CN102793049A - Method for producing preserved fruit by utilizing red bayberry wine dregs - Google Patents
Method for producing preserved fruit by utilizing red bayberry wine dregs Download PDFInfo
- Publication number
- CN102793049A CN102793049A CN2012103401279A CN201210340127A CN102793049A CN 102793049 A CN102793049 A CN 102793049A CN 2012103401279 A CN2012103401279 A CN 2012103401279A CN 201210340127 A CN201210340127 A CN 201210340127A CN 102793049 A CN102793049 A CN 102793049A
- Authority
- CN
- China
- Prior art keywords
- red bayberry
- red
- preserved fruit
- bayberries
- done
- Prior art date
- Legal status (The legal status is an assumption and is not a legal conclusion. Google has not performed a legal analysis and makes no representation as to the accuracy of the status listed.)
- Pending
Links
Landscapes
- Jellies, Jams, And Syrups (AREA)
Abstract
The invention discloses a method for producing preserved fruit by utilizing red bayberry wine dregs. The method is characterized in that the method comprises the following steps of: fishing out red bayberries which are soaked for 3-6 months and used as raw material for making red bayberry wine and draining; adding white sugar or honey (the weight part of which is 5-10% of the weight part of the drained red bayberries) or edible salt (the weight of which is 1-2% of the weight part of the drained red bayberries) to the drained red bayberries, evenly mixing and the mixture and standing for 4-24 hours; then airing or drying the red bayberries to be 70% dried, and rolling the red bayberries to solid granules by a rounding machine; and finally, airing the red bayberries to be 90% dried and then sealing and sub-packaging.
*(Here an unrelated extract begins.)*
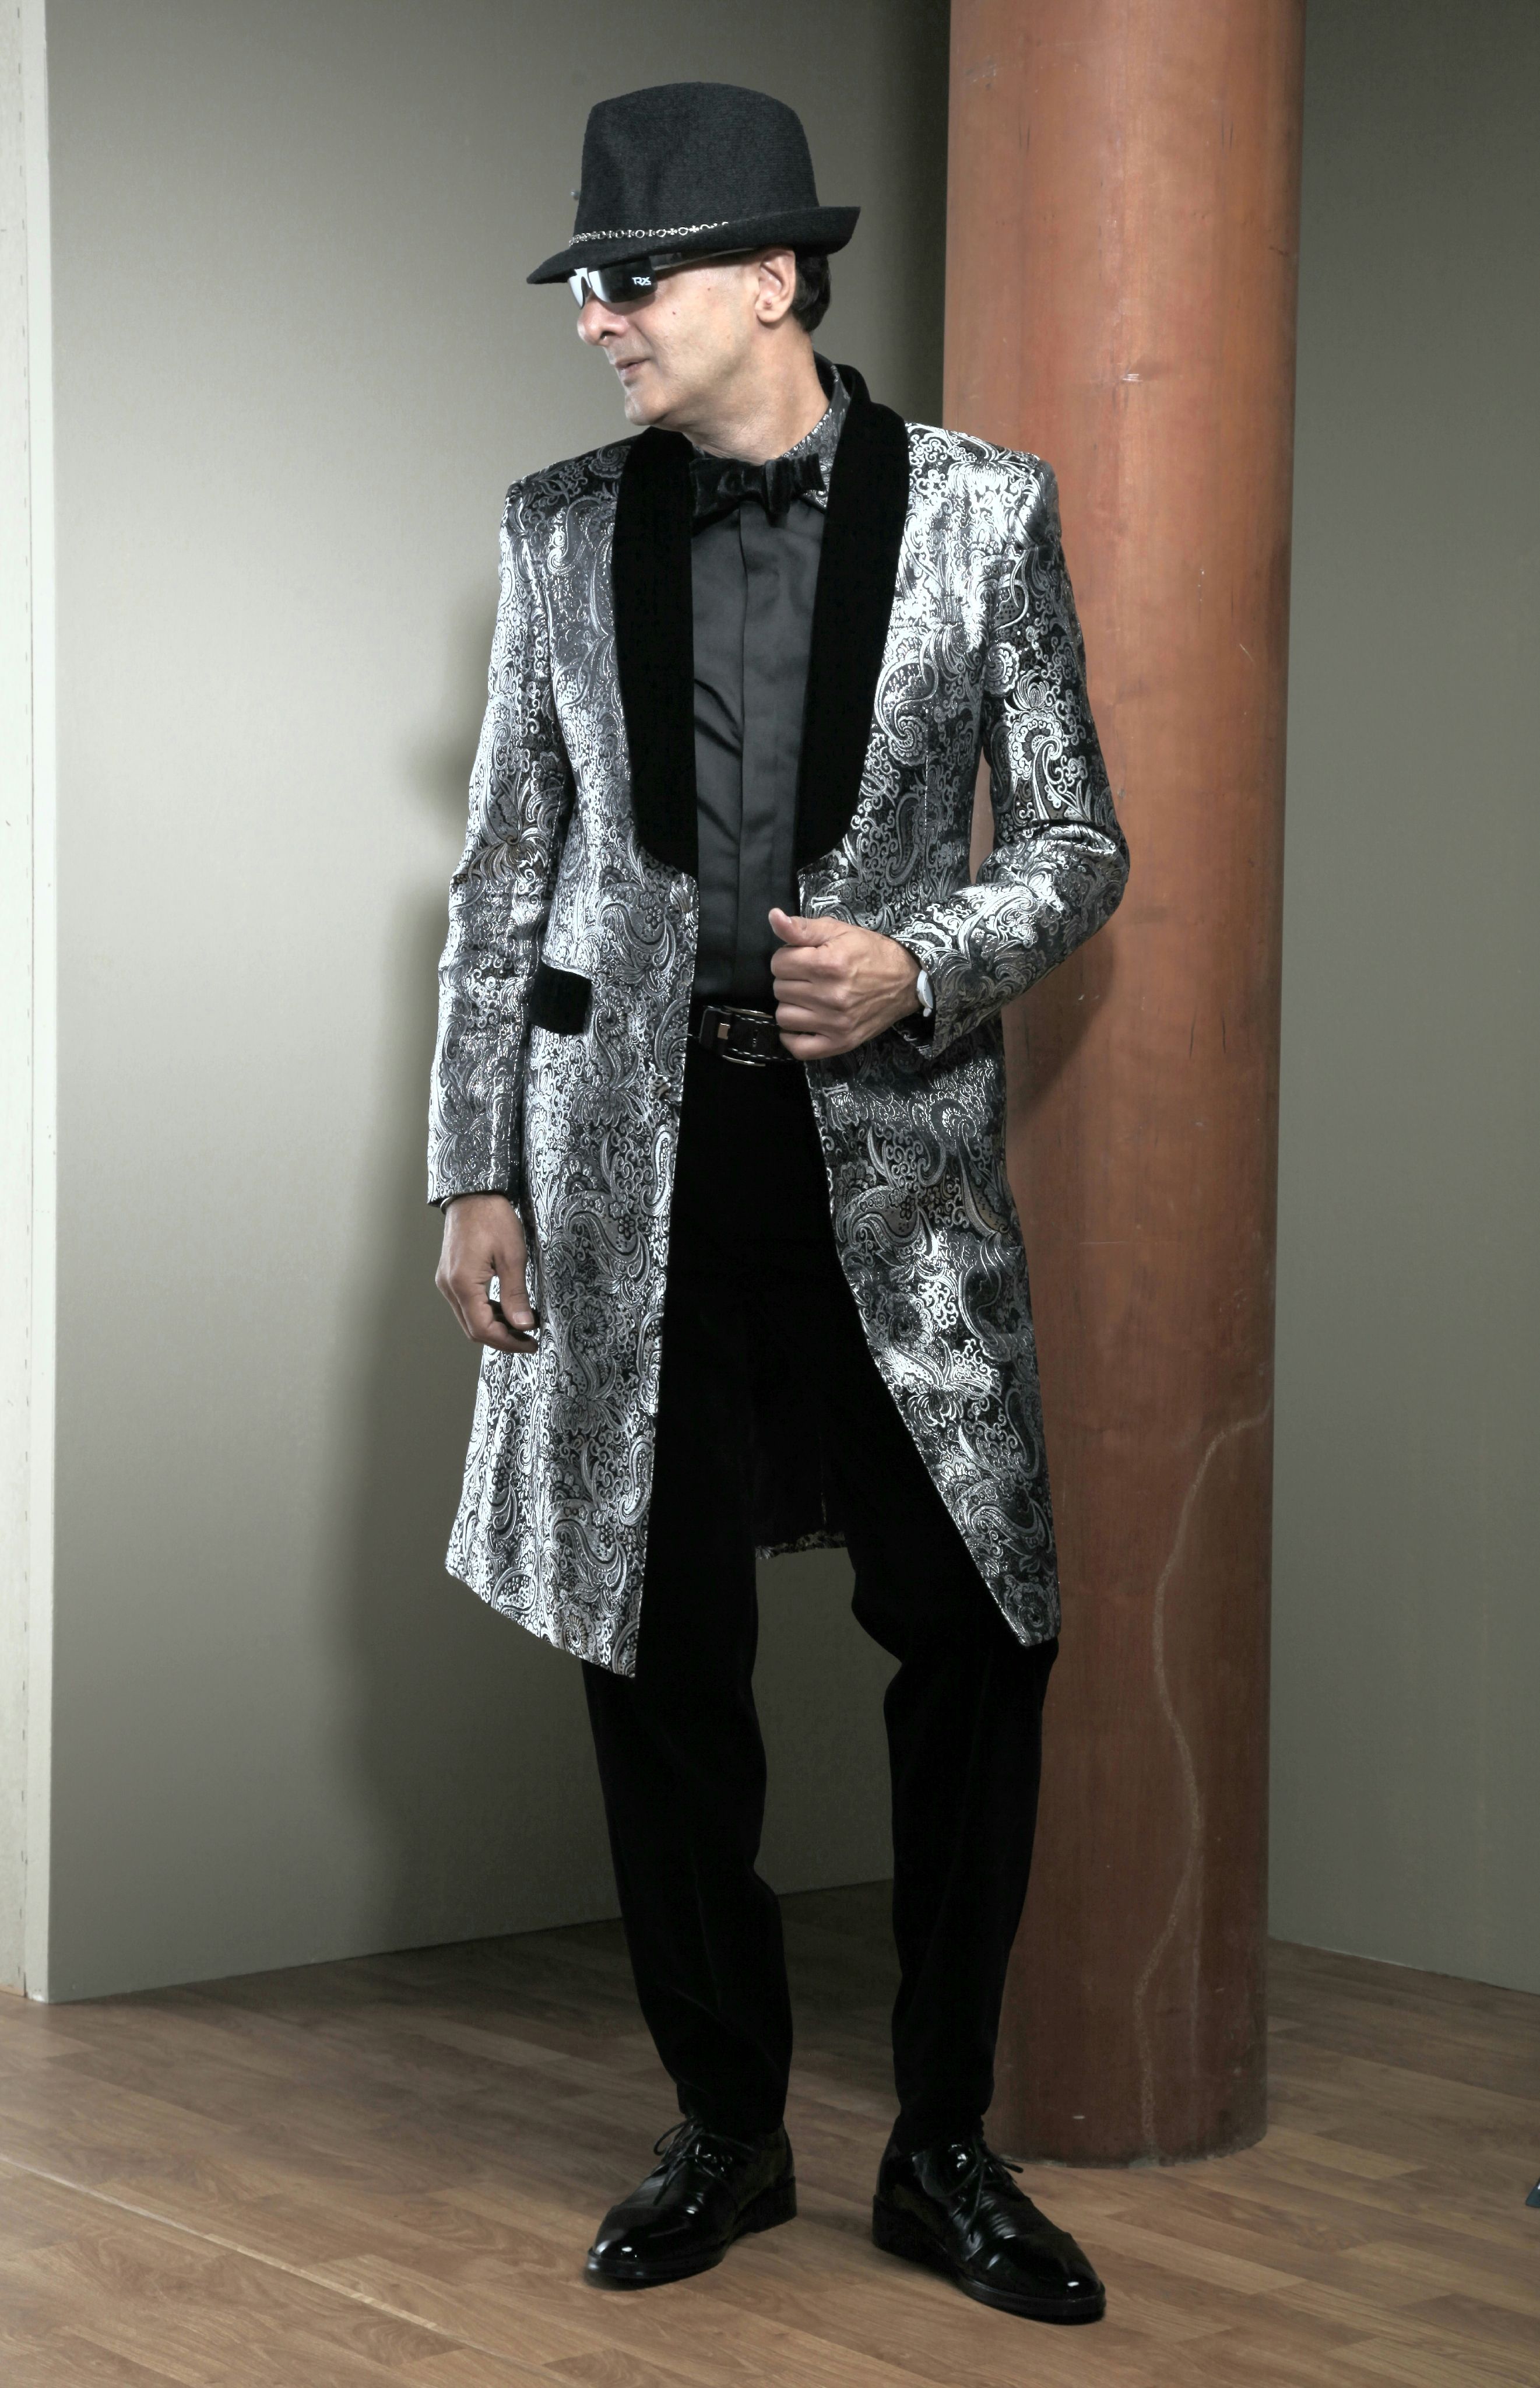 suit-rental-suits-rent-hire-designer-my-singapore-tailor-tailors-rentals-shop-tuxedo-black-tie-wedding-formal-12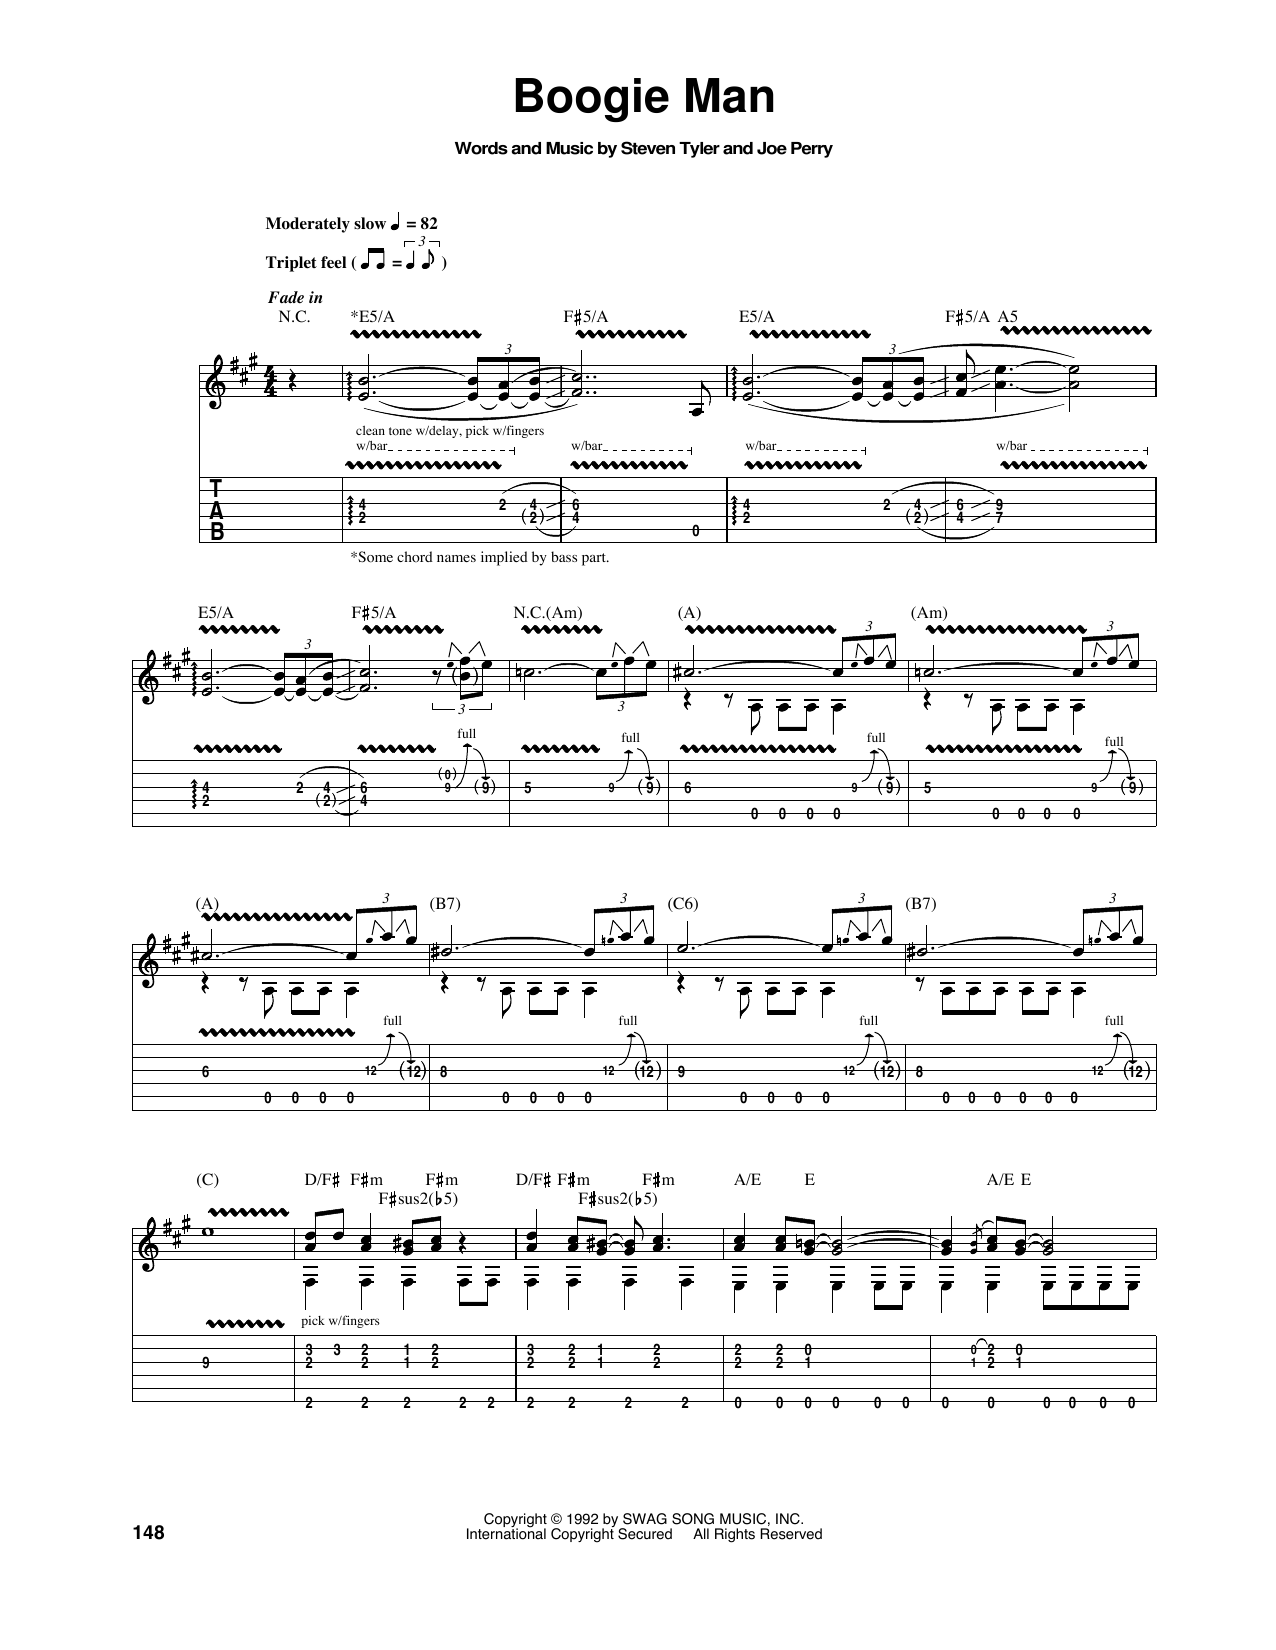 Aerosmith Boogie Man Sheet Music Notes & Chords for Guitar Tab - Download or Print PDF

The method utilizes red bayberry wine dregs to produce preserved red bayberries, which can make waste profitable and is environment-friendly. In addition, the produced preserved fruit has beautiful shape and wine aroma in addition to the taste of other preserved fruit. The taste is special and popular with people.
Description
Technical field
The present invention relates to red bayberry preserved fruit manufacture technology field, particularly a kind of red bayberry schlempe that utilizes is made preserved fruit, for the comprehensive utilization of red bayberry provides a new approach.
Background technology
Red bayberry contains multiple organic acid, and ascorbic content is also very abundant, not only can participate in the metabolism and the oxidation-reduction process of sugar in the body directly, strengthens the permeability of capillary, and also has reducing blood lipid, the effect that stops cancer cell to generate in vivo.Contained tartaric acid can whet the appetite and promote the production of body fluid, and the relieving summer-heat that helps digestion has the sugar that stops in the body again to the function that fat transforms, and helps fat-reducing.Red bayberry has inhibitory action to bacteriums such as Escherichia coli, shigella dysenteriaes, can control dysentery stomachache, and more than person has good effect to diarrhea.Contain vitamin C, B in the red bayberry, cancer-resisting is had positive role.People are referred to as red bayberry on " agate in the fruit ".Red bayberry is except eating raw, and quite a few is used for brew red bayberry wine, and it is nutritious, and delicious mouthfeel is good, receives people's favor deeply.In the wine brewing process, the part nutrition of red bayberry is dissolved in the wine by immersion, but still contains rich organic acid, vitamins and other nutritious components.But wine brewing producer throws away the red bayberry schlempe mostly as waste product, cause great pollution to environment.Though what have is used for preserved fruit, through rinsing repeatedly with add a large amount of auxiliary materials, cause nutrition leak and bring harm to human body.
Summary of the invention
The objective of the invention is to make full use of the nutritive value of red bayberry schlempe, will be made good looking appearance through processing by the red bayberry schlempe thrown away as waste product of wine brewing producer, the high-quality preserved fruit that taste is special, not only additional income but also reduce environmental pollution was killed two birds with one stone.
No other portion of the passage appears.